Edit: Not quite. pathinfo() isn't exactly magical, but at least I think we're making progress.
Posted: Fri Jun 01, 2007 3:05 pm
by superdezign
Okay, since it was frustrating me, I played around with it some more.
Code: Select all
$pathParts = pathinfo($url);
if(!isset($pathParts['basename']))
{
// You're in a directory
$relativeDir = $url;
}
else if(!isset($pathParts['extension']))
{
$relativeDir = $pathParts['dirname'] . '/' . $pathParts['basename'];
}
else
{
$relativeDir = $pathParts['dirname'];
}
echo $relativeDir;
This uses only pathinfo(). It's pretty solid, except when people have files named without extensions. I guess you'll have to come up with a way to combat that.

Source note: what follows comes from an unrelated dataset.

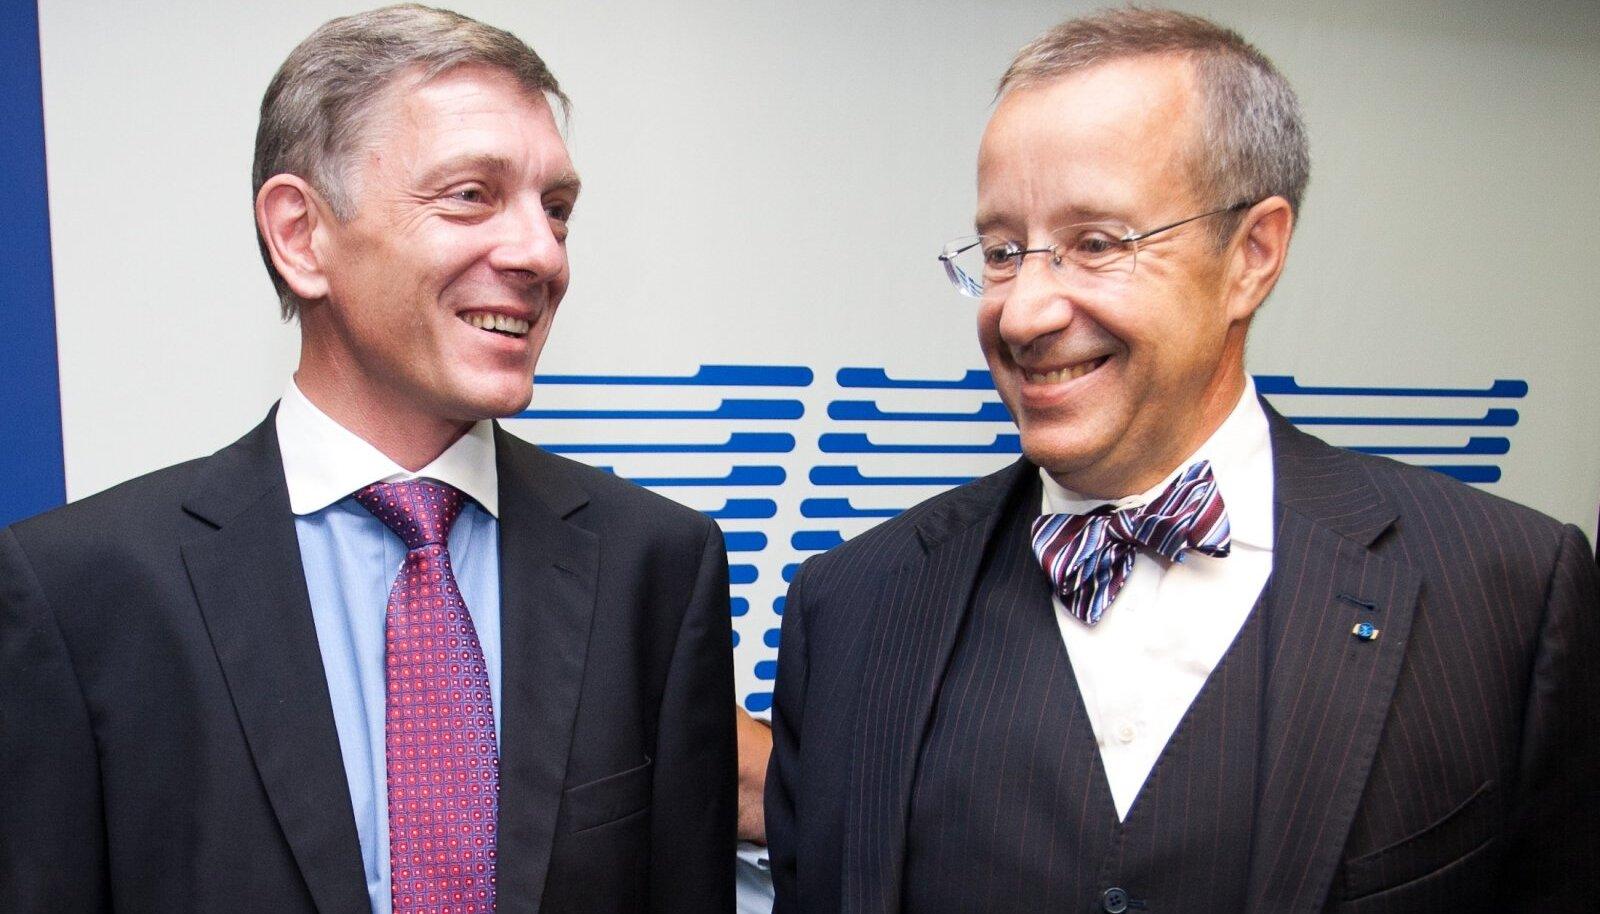 Indrek Tarand ja Toomas-Hendrik Ilves kümne aasta eest presidendiks kandideerimas

Posted: Fri Jun 01, 2007 3:21 pm
by pedrotuga
Ok, i will try a couple of urls...
At this point i am also wondering how accurate are crawlers out there
I am still skeptical, it should be a way to find out
Posted: Fri Jun 01, 2007 3:52 pm
by pedrotuga
ok... i tried it.
There must be a way.
how da heck do i know if the url refers to directory or to a file.
Like.. if request a directory to my site my browser quickly ads a slash at the end.
If i request for example
http://en.wikipedia.org/wiki/Article
it doesn't. Why?